As one would expect, increasing the number of batches while holding batch size constent, typically improves the consistency of the results. However, increasing batch size while holding the number of batches constant appears to result in increased consistency in general, but this increase is far less reliable than increasing the number of batches. Specifically, increasing the batch size from 3 to 5 is just as likely to decrease consistency as increase it. However, increasing batch size from 5 to 10 or 10 to 15 yields increased consistency more often than not, and increasing batch size from 15 to 20, results in increased consistency for all batch sizes examined. This suggests that consistency is driven primarily by the ability to detect probes whose behavior differs between batches rather than detection of probes that are highly variable within batches and that detection of highly variable probes within batches requires a sizable investment in terms of the number of arrays per batch. Finally, the improvements in consistency due to adding additional batches, seem to diminish as the number of batches increases. Taken together these findings suggest that, one should first seek to increase the number of batches and then the number of samples per batch.

However, for future fRMA implementations, computer memory may not be the limiting factor. For newer microarray platforms, it is often the case that a relatively small number of labs have conducted one or more large experiments possibly involving a wide variety of tissues. As Table 1 suggests, this is not the ideal situation and training fRMA on such data may not capture the behavior of a number of probes. In such a situation, it may be more appropriate to consider a custom fRMA implementation for either a single large dataset or a single lab. Such an implementation will be described in Section 3.4.

3.2 Alternative CDF

Affymetrix microarray platforms by default use probe target definitions based on the knowledge available when they were created. Since then, our understanding of the human and mouse transcriptomes has greatly improved. Multiple studies have demonstrated that using updated probe annotations can significantly improve gene expression estimates and detection of differential expression [1416].

While the original implementation of fRMA was based on the default Affymetrix probe annotation, the latest version of the frma package gives one the option to use the version 13 Entrez Gene probe annotation [14]. However, there are numerous other probe annotations that might be of interest (e.g. RefSeq, Ensembl, etc.). The frmaTools package allows one to choose any of the alternative annotations to create one's own fRMA implementation.

3.3 New Platform

Although we strive to implement fRMA on all Affymetrix microarray platforms for which there is a sufficient amount of publicly available data, fRMA may not currently be implemented on a platform of interest. If there is enough data publicly available, one has the option of creating one's own implementation by following the recommendations outlined in Section 3.1 and using the frmaTools package described in Section 2. However, for a relatively new microarray platform, there may not be enough publicly available data. In this case, one might consider creating a custom fRMA implementation. We describe this option in the following section.
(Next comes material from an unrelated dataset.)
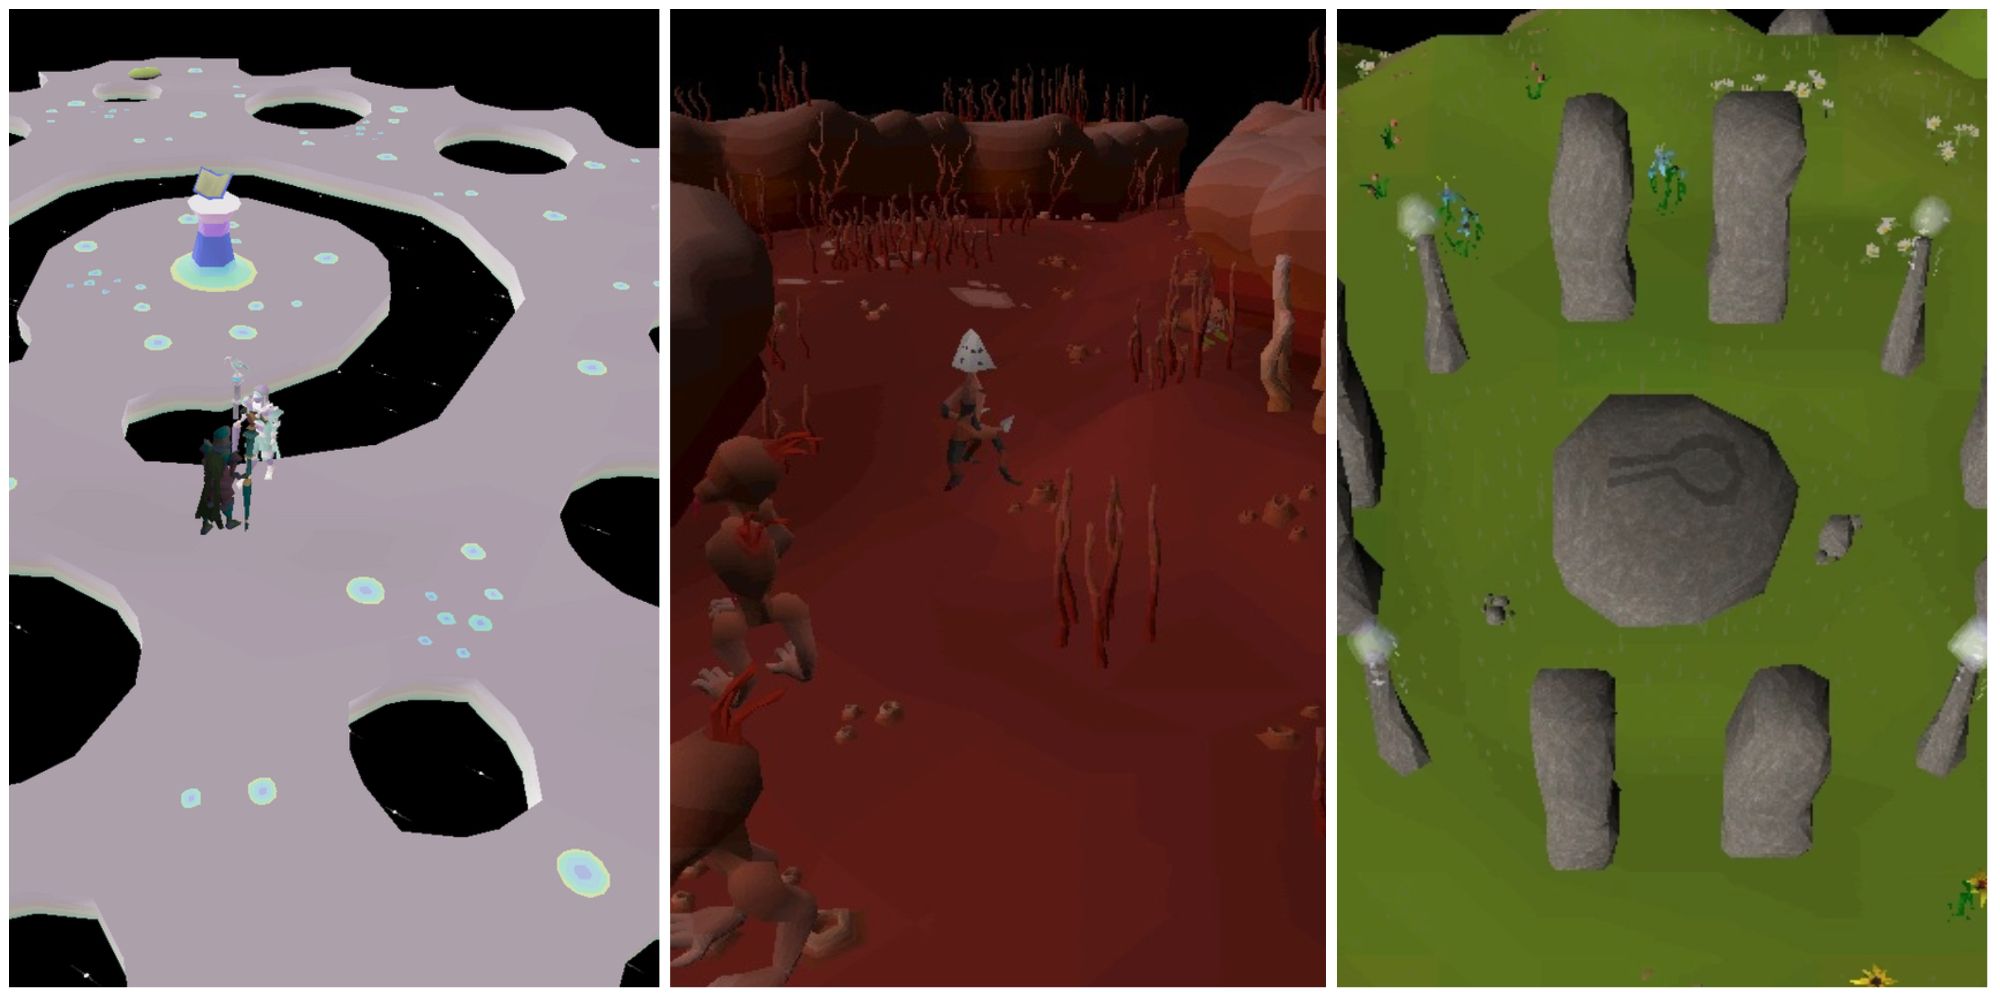 Old School RuneScape split feature image featuring screenshots of the Dream World, the Abyss, and the Nature Altar

3.4 Custom implementations of fRMA

The fRMA preprocessing algorithm typically requires a large diverse dataset to estimate the frozen parameters. The dataset is required to span a large number of batches in order to capture the variability in probe behavior, so that when preprocessing a new array, one can appropriately down-weight probes known to have either large between- or within-batch variance. While it is always possible that a probe that appears reliable in the training data performs poorly on a new array, the chance of this occurring can be minimized by training on a large diverse dataset.

However, a large diverse dataset is not always available either because the microarray platform is relatively new or because the data being analyzed differs from the publicly available data in some fundamental manner (e.g. a non-standard lab protocol or non-human RNA hybridized to a human array). In these cases, one might consider creating one's own custom fRMA implementation that is specific to a certain dataset, lab, or experiment.
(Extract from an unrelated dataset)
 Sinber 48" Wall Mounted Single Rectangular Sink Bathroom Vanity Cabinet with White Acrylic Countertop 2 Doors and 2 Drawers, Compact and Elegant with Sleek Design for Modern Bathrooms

3.4.1 RMA-like implementation

If it is infeasible (due to lack of data) or undesireable (due to properties of the data) to use a standard fRMA implementation to analyze one's data, it could be beneficial to implement fRMA in a manner that mimics RMA. While the primary advantage of fRMA over RMA is the ability to preprocess a single microarray, the fRMA algorithm also improved the RMA model by recognizing that some probes within a probe set were more variable than others and down-weighting such probes [10]. For this reason, one might be interested in applying fRMA within a large dataset in the same manner one would apply RMA.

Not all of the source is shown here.